Les aveux ayant été soutirés, l’abolition de l’Ordre est enfin justifiée. Les biens des Templiers sont alors remis aux Hospitaliers (l’Ordre de St Jean de Jérusalem). Ceux-ci louent une partie des bâtiments du Temple de Londres en 1312 à deux collèges de droit qui prennent le nom de « Inner Temple » et « Middle Temple ». Ces deux écoles occupent toujours les lieux aujourd’hui.

 

Arnaldus

 

 

1La rotonde, par son symbolisme géométrique : un cercle s’inscrivant dans un carré, est une analogie de la Jérusalem céleste promise aux élus (éclipse de St Jean)

2La plaque de marbre posée à cette occasion portait l’inscription latine (traduction) : « le 10 février, l’année de l’incarnation de notre seigneur 1185, cette église a été consacrée en l’honneur de la Ste vierge Marie par sa seigneurie Héraclius, par la grâce de Dieu patriarche de l’Eglise de la Ste Résurrection qui, en l’honneure de sa visite accorde au pèlerin visitant ce sanctuaire une indulgence plénière de 60 jours de pénitences en leur faveur ».

3En 1200 le Temple regroupait 9 provinces (outre celle de Jérusalem)

4Dans les documents d’actes officiels, le titre de Magister Militiae Templi in Anglia.

5Par la suite le vœu royal ne devait pas être exécuté et Henry III fut inhumé dans la crypte de la splendide église construite à Westminster et dédiée à St Edouard le Confesseur (1003-1066), premier roi d’Angleterre.

6Le monarque avait offert au sanctuaire l’année précédente, plusieurs vases sacrés en métal précieux (ciboires et calices) afin d’honorer l’Ordre.

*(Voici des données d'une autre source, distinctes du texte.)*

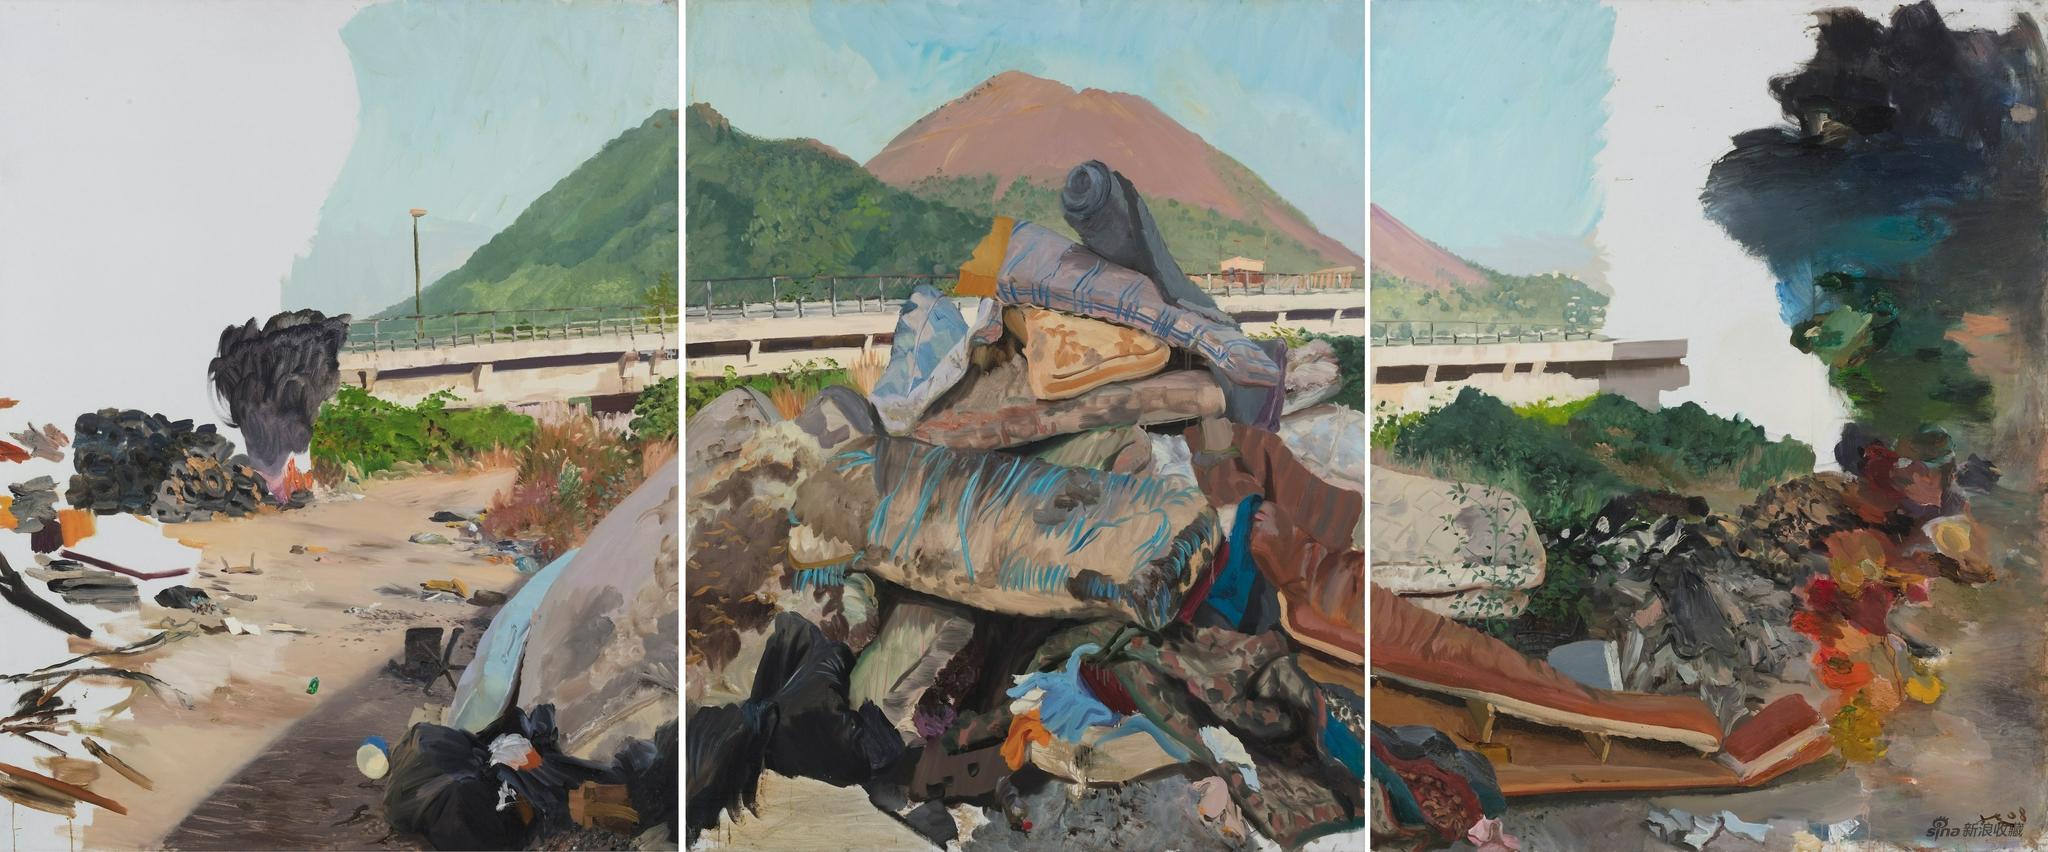 刘小东|Liu Xiaodong 《上火(三联画)》|Flame(Triptych) 布面油画 |Oil on canvas,250 × 600 cm,2008 ?艺术家和华艺国际拍卖
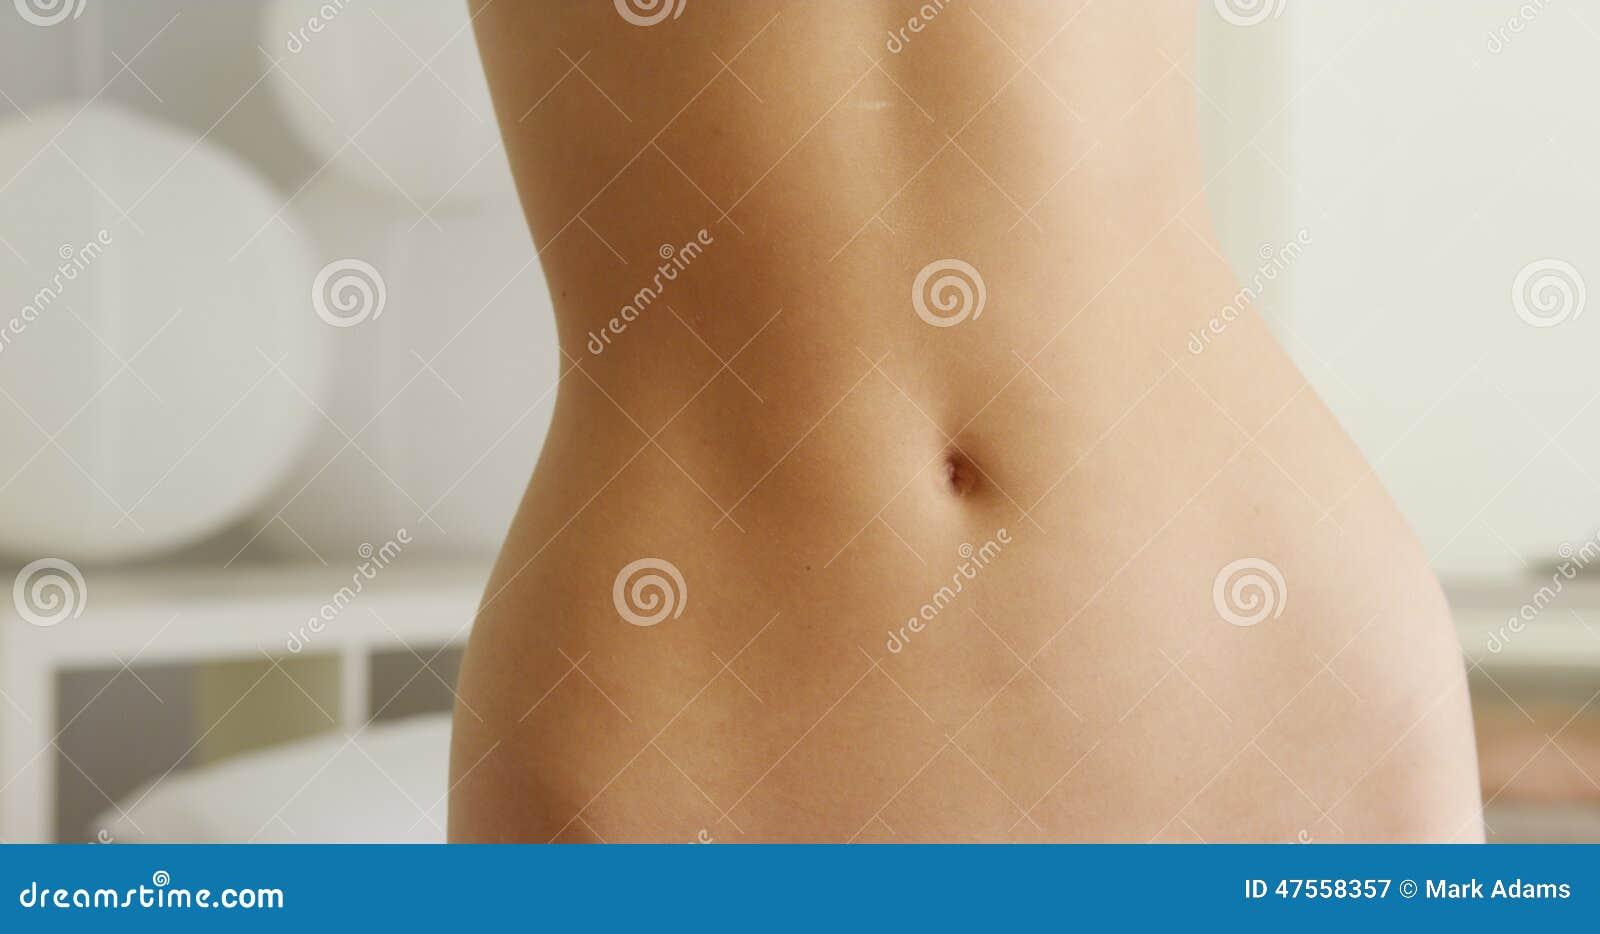 flat stomach women - photo #18

7Son second fils, époux de Dame Aliénor (Eleonor), sœur de Henry III.

8Son quatrième fils Guillaume le Maréchal était considéré au Moyen Age comme incarnant « la fleur de la Chevalerie » avec son idéal du beau : panache, loyauté, prouesse et courtoisie.

9Le Christ du Second Avènement de l’Apocalypse de St Jean, portant ‘étendard blanc à croix vermeille de la Résurrection.

10A cette époque les comptes se faisaient sur un échiquier

11A l’apogée de sa puissance, l’Ordre du Temple (toutes provinces confondues) détenait un trésor estimé à plus de 150000 florins d’or, somme fabuleuse pour l’époque faisant des Templiers les plus grands banquiers de l’Europe médiévale. D’où les interrogations sur le destin de ce trésor, mystérieusement volatilisé en 1307.

12Le prêt à intérêt étant en principe proscrit par l’Eglise

13Comte de Kent

14L’inventaire dressé par les officiers royaux fait Etat de 158 coupes précieuses et d’une quantité de joyaux, outre les monnaies d’or et d’argent, mises sous scellés (parmi les pièces d’orfèvrerie et les pierres précieuses, un grand nombre provenaient des taxations imposées aux Juifs du royaume).

15Sans compter le pillage des objets précieux, joyaux et pierreries.